===== DATASET ENTRIES =====
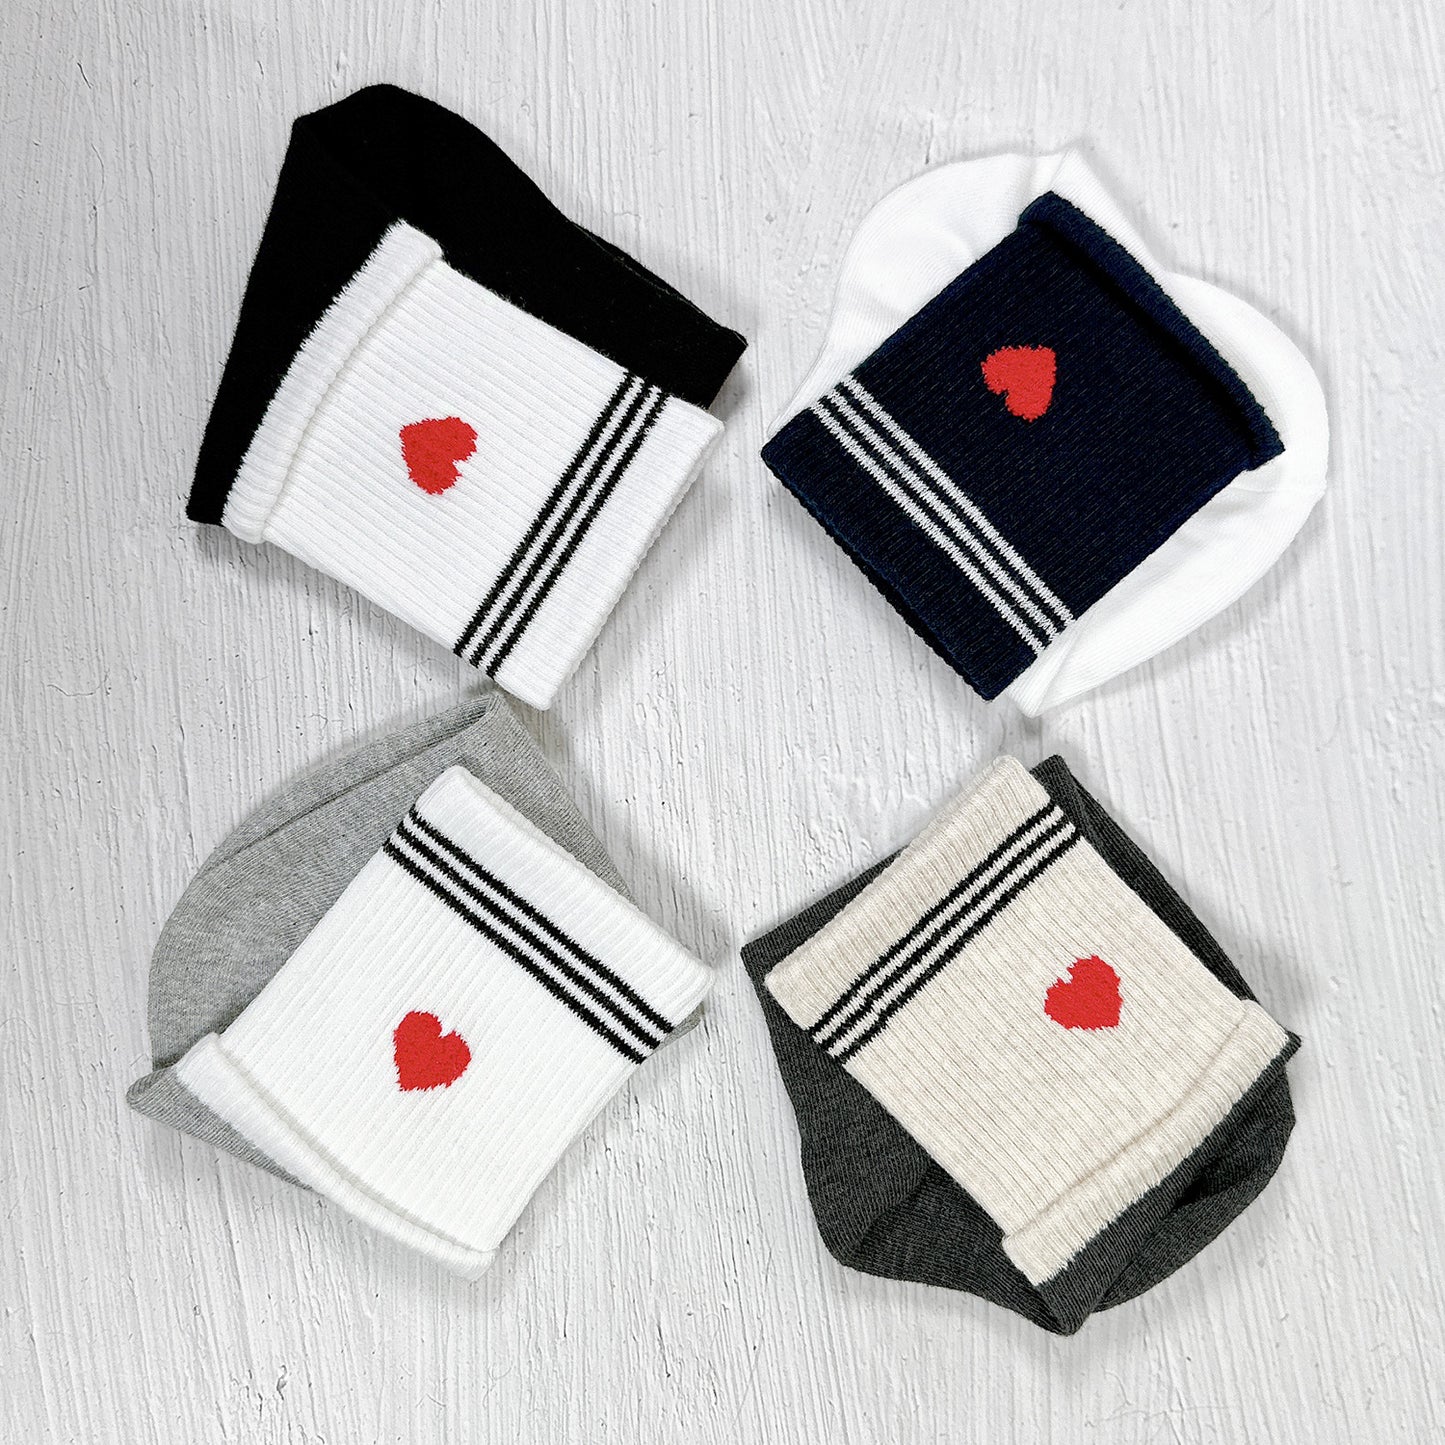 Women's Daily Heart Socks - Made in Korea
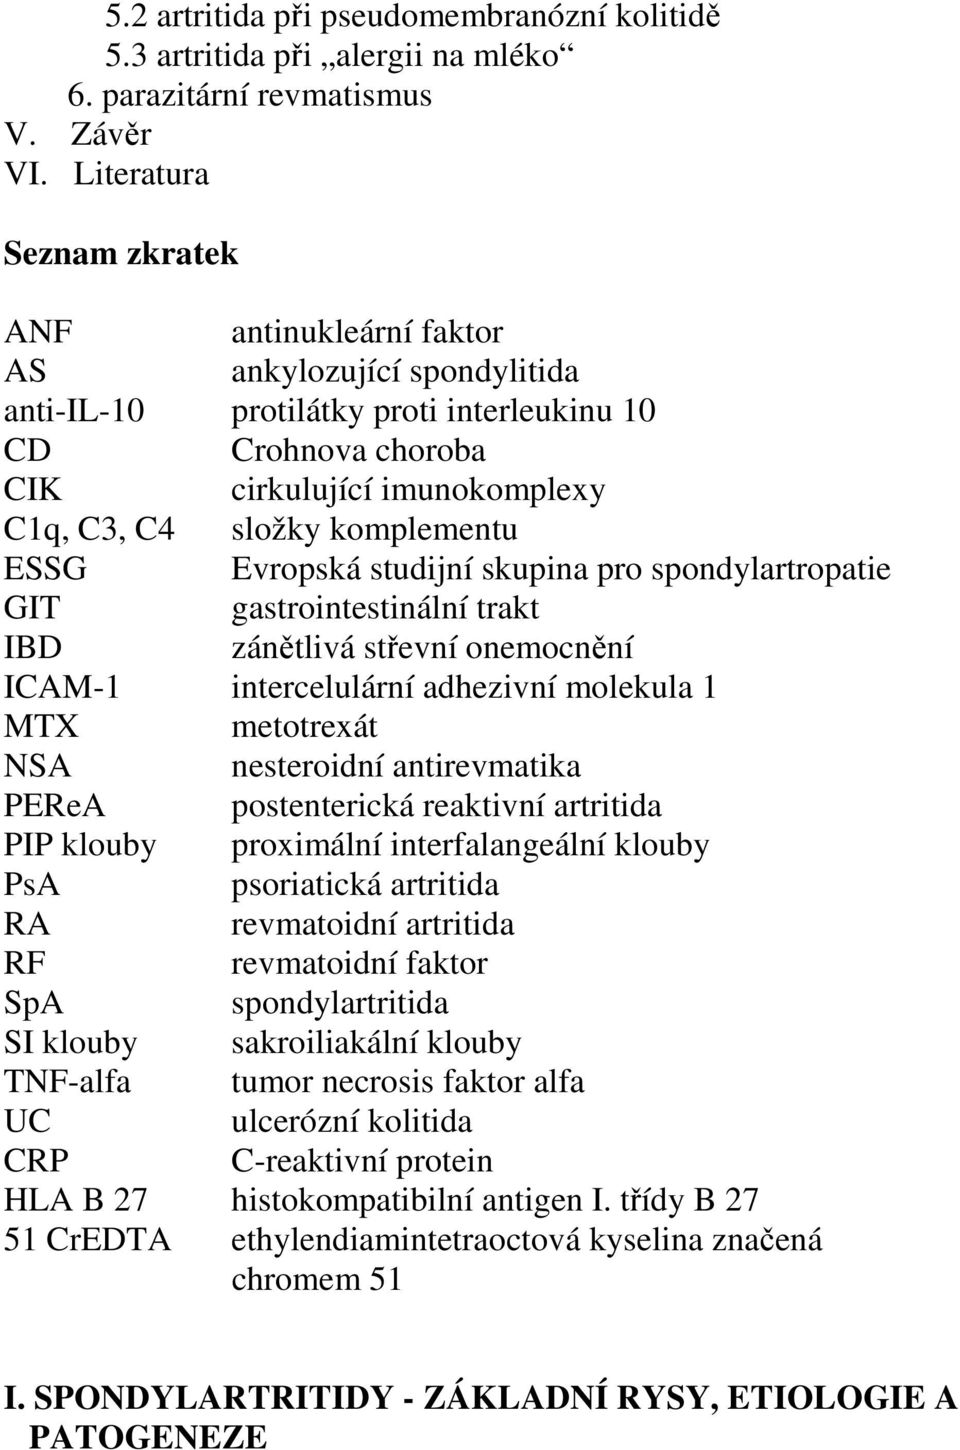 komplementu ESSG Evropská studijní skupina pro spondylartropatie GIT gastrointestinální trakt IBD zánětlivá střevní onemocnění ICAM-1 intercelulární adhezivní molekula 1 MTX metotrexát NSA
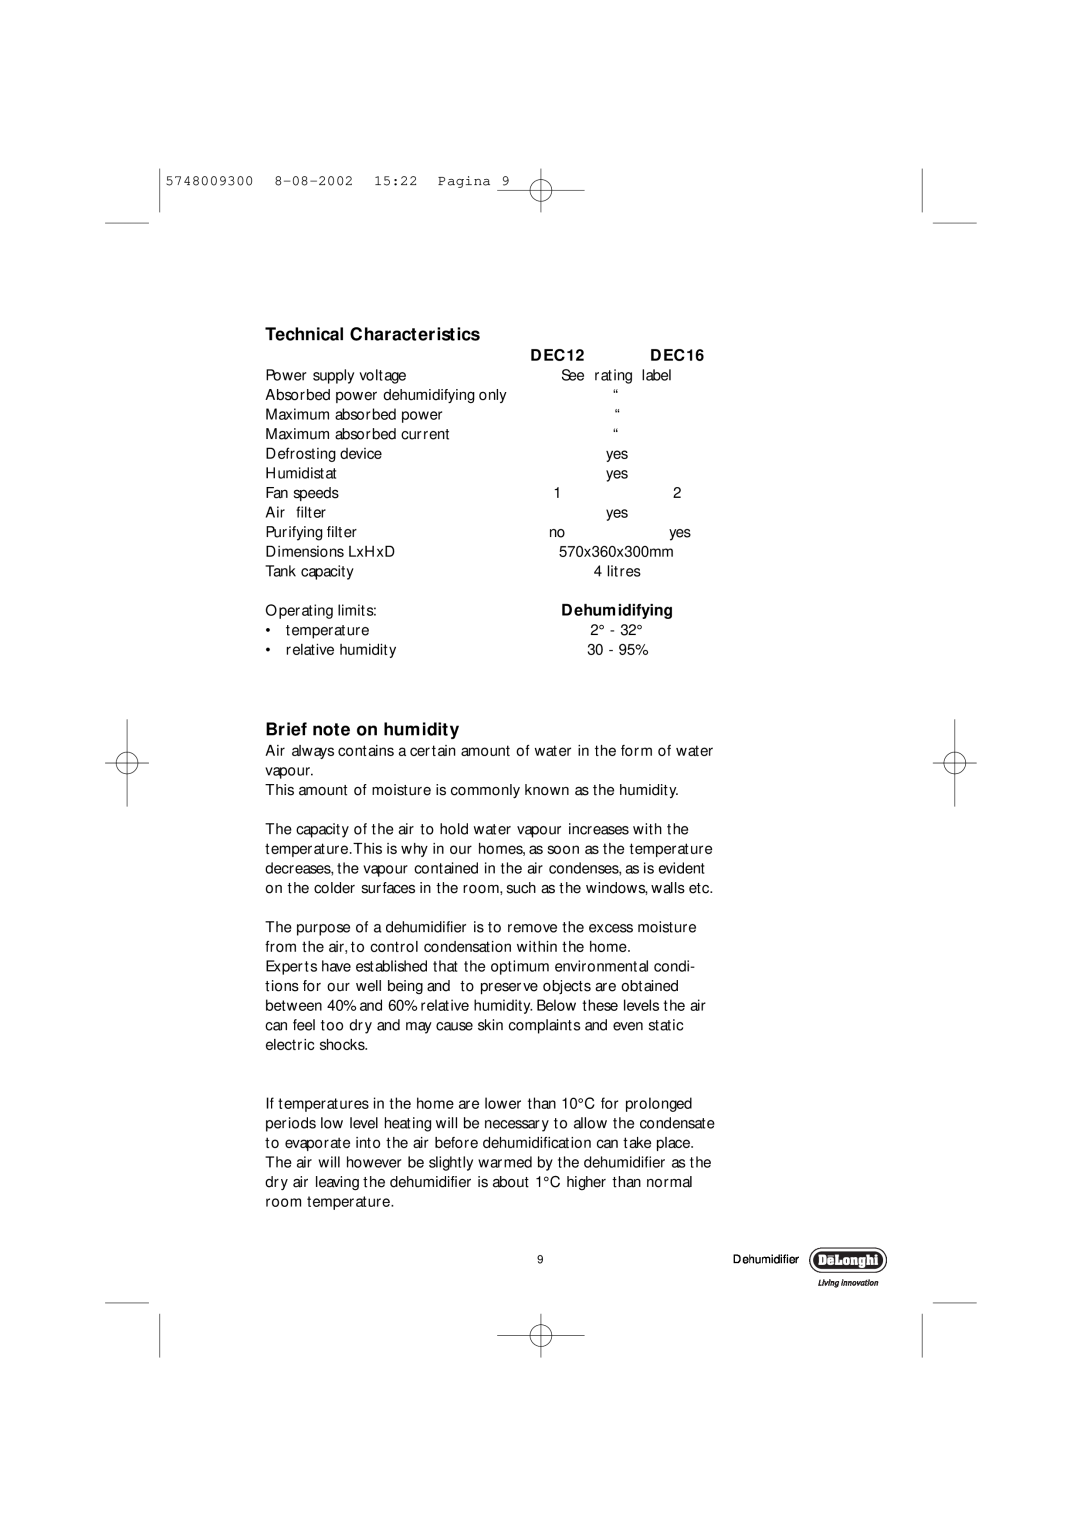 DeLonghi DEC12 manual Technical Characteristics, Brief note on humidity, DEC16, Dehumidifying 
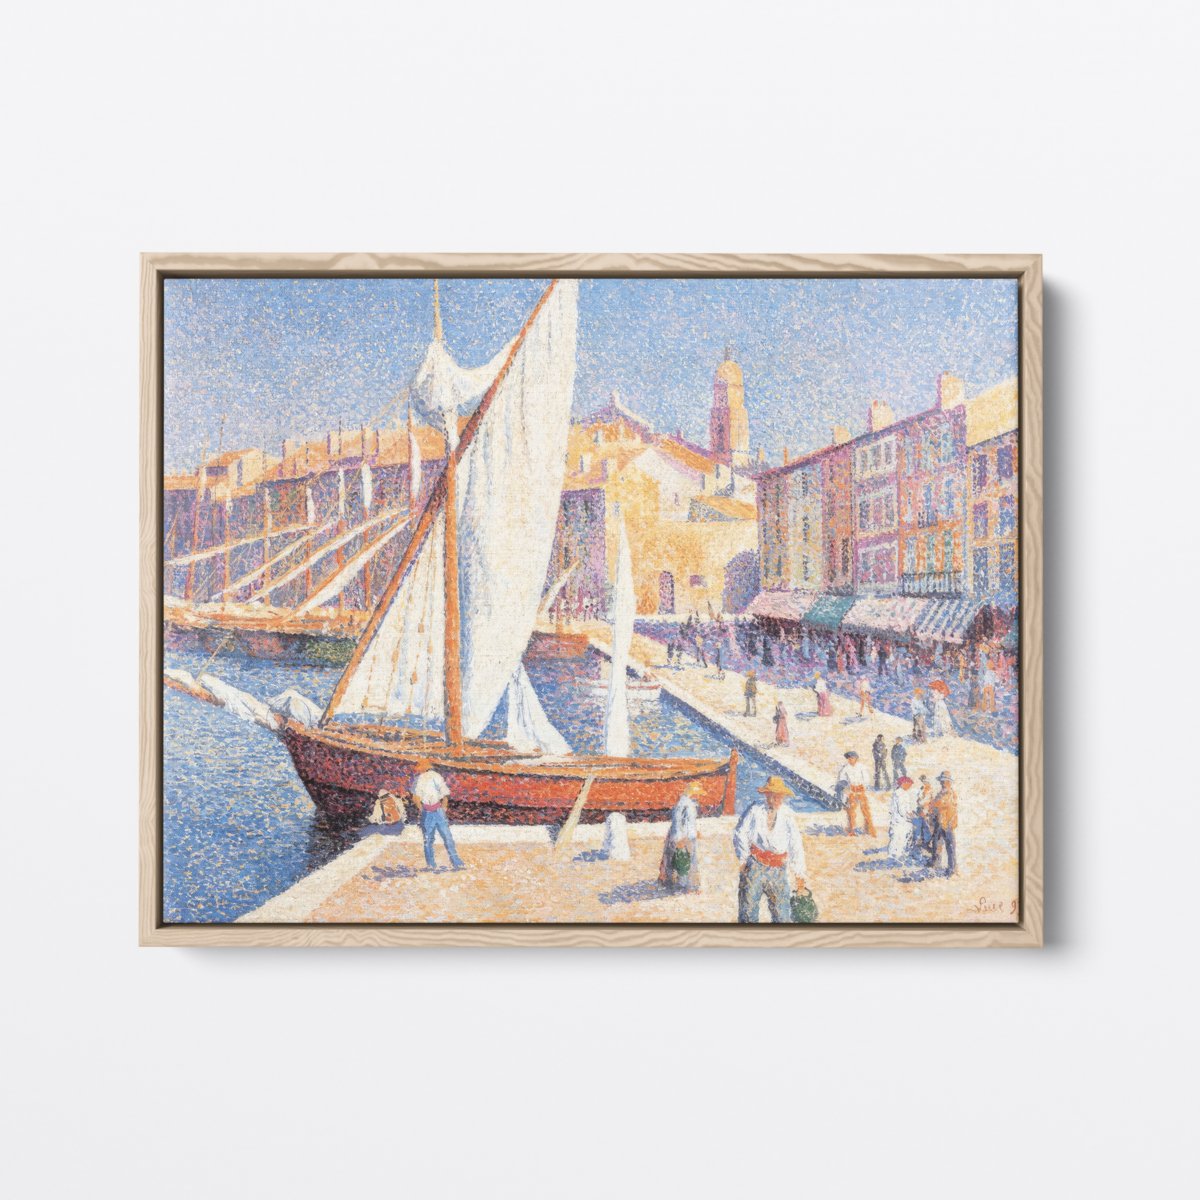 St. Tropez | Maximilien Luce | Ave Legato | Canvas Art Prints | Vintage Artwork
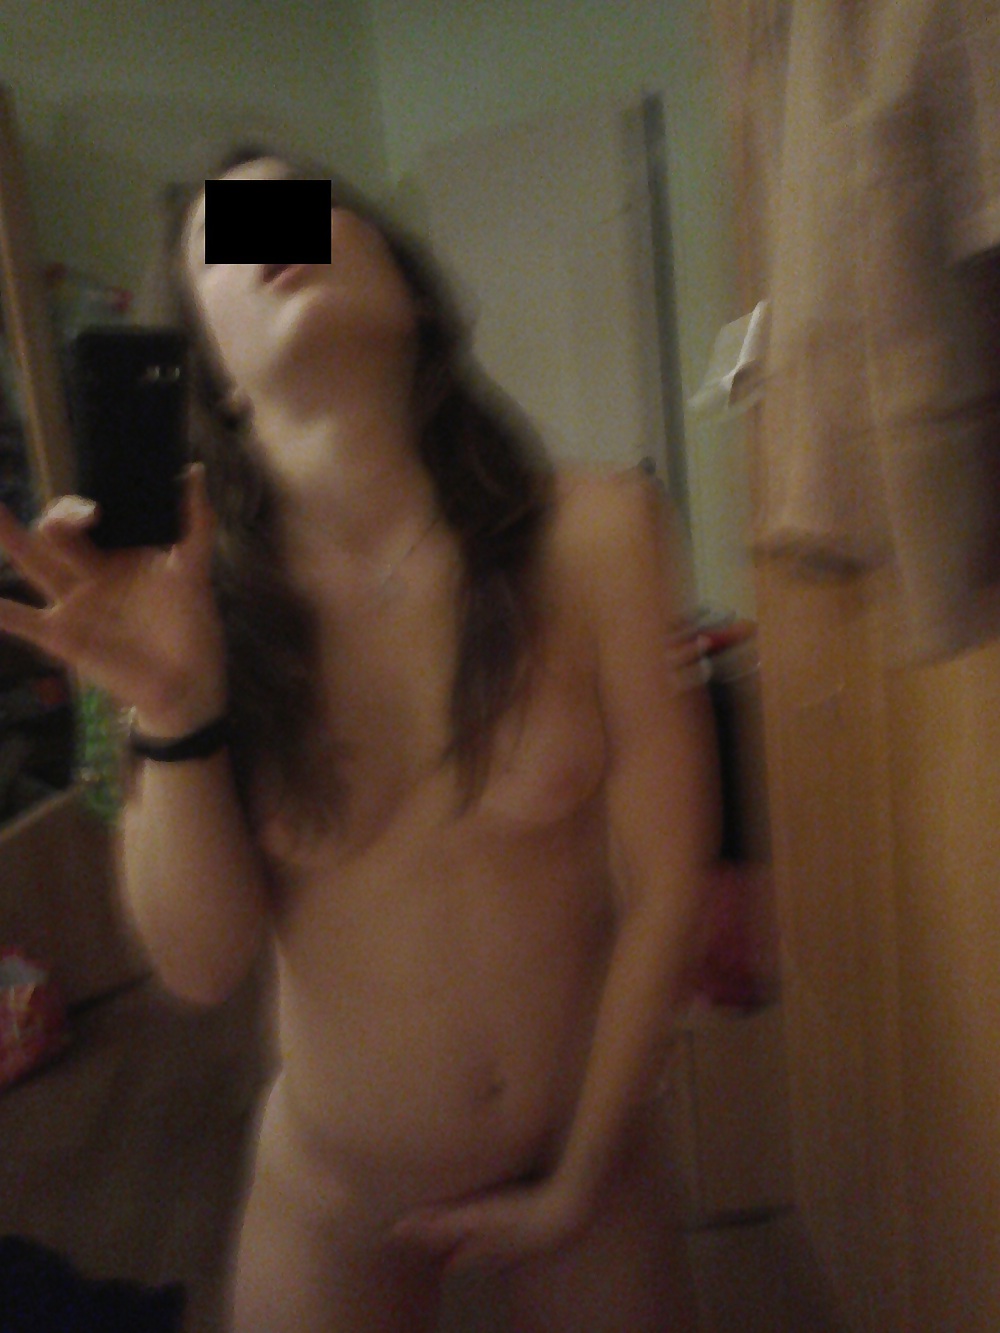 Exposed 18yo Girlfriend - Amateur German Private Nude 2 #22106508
=====
WHAT THE EXERCISE ASKS: The expected output is an exact copy of the lines from the top of the data above through the line containing "St. Tropez |", both included, with every picture omitted.

OUTPUT FOR THIS TASK:
 Women's Daily Heart Socks - Made in Korea
 komplementu ESSG Evropská studijní skupina pro spondylartropatie GIT gastrointestinální trakt IBD zánětlivá střevní onemocnění ICAM-1 intercelulární adhezivní molekula 1 MTX metotrexát NSA
 DeLonghi DEC12 manual Technical Characteristics, Brief note on humidity, DEC16, Dehumidifying 
 St. Tropez | Maximilien Luce | Ave Legato | Canvas Art Prints | Vintage Artwork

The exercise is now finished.